Syed Mahbubur Rashid | April 11, 2014 00:00:00


Free market economy demands less or zero government interference. From this concept emanates the theory of self-regulation. It is presumed that the business organisations will regulate themselves by following the rules of games. That is why they are also known as self-regulatory organisations (SROs).

First of all, let us discuss the case for the developed countries, virtually the protagonists of free market economy. In spite of the freedom enjoyed by the business houses, there are a number of various strong regulatory authorities which oversee the activities of the business organisations. Apart from these, the government issues instruction from time to time.

Today the publicly traded companies are to include independent directors in the Board   of the Directors of a company. Earlier,   all of   them were elected by the shareholders at the annual general meeting (AGM). As common practice, the minority shareholders hardly had any say in the formal election of the directors. It was because the controlling shareholders would have already selected directors outside the AGM. After the mega corporate scam in 2001 in the USA, the then President George W Bush issued the instruction for inclusion of independent   directors. This has now become a global order. The independent director is one who will not have any kind of financial stake in the company.

In the USA, the issue of monopoly is directly handled by the government. Comcast, America`s largest  cable company, announced that it would buy Time Warner Cable, the largest provider of TV and broadband after Comcast,  for about US$ 45 billion. Market observers apprehend that it would create a Goliath because it would have more than 30 million TV subscribers and 33 per cent of broadband customers. So, American regulators should block Comcast's proposed deal with Time Warner Cable. The matter will be settled at President Obama's level.  

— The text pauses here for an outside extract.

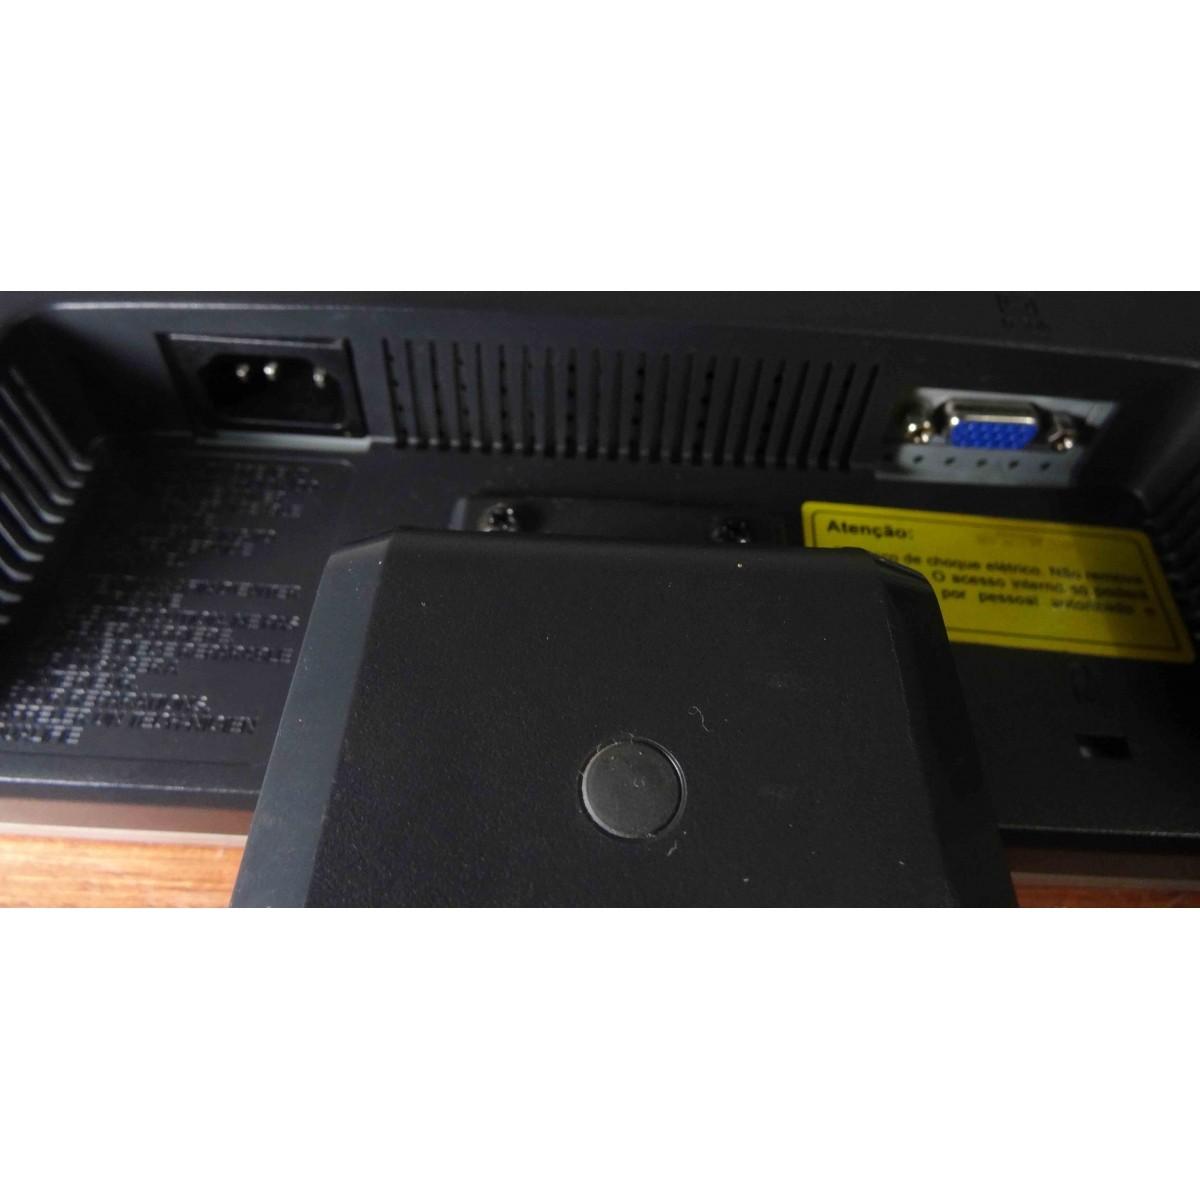 Monitor LG Flatron LI550S LCD 15 polegadas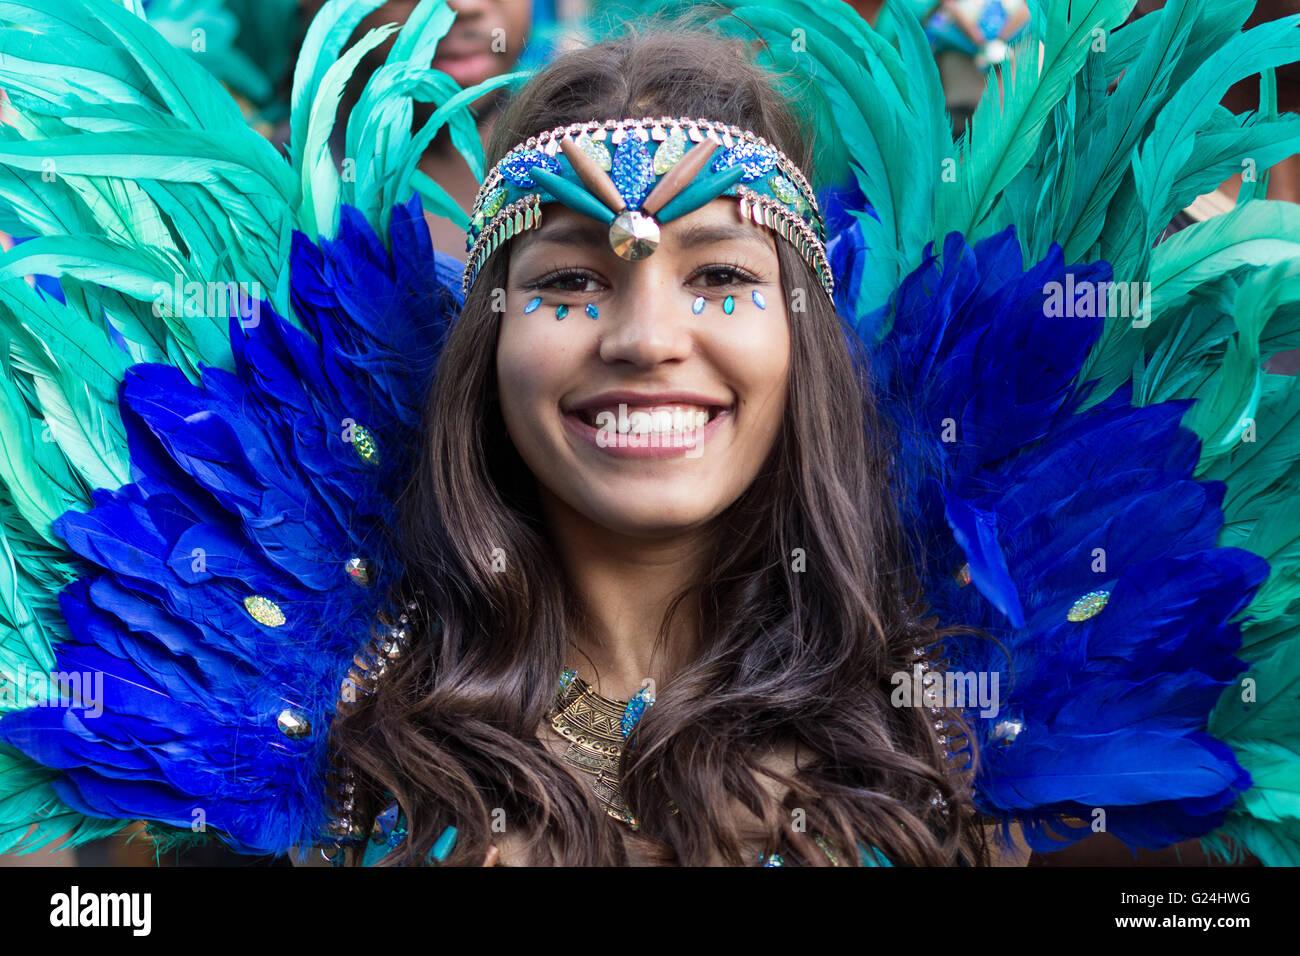 Berlino, Germania 15 maggio 2016: bellissima ragazza in costume sorridente sul carnevale di culture (Karneval der Immagini Stock

Now let us come back to our own country. There are various trade bodies and associations known as self-regulatory organizations (SROs). What is their performance?  In the insurance sector, a chaotic situation is prevailing. Removal of two ills can improve the situation. These are the stoppage of the credit business, and the heavy  undercut of premiums. A decade back, Bangladesh Insurance Association (BIA) framed some rules for smooth running of business in the sector. In presence of the then Commerce Minister, the rules were put into operation and the members of the BIA were loud in their promise. But subsequently, it was more honoured in breach than observance. The government set up Insurance Development and Regulatory Authority (IDRA) to bring back the insurance sector on right track. A section of insurance mandarins left no stone unturned to make it a failed organisation.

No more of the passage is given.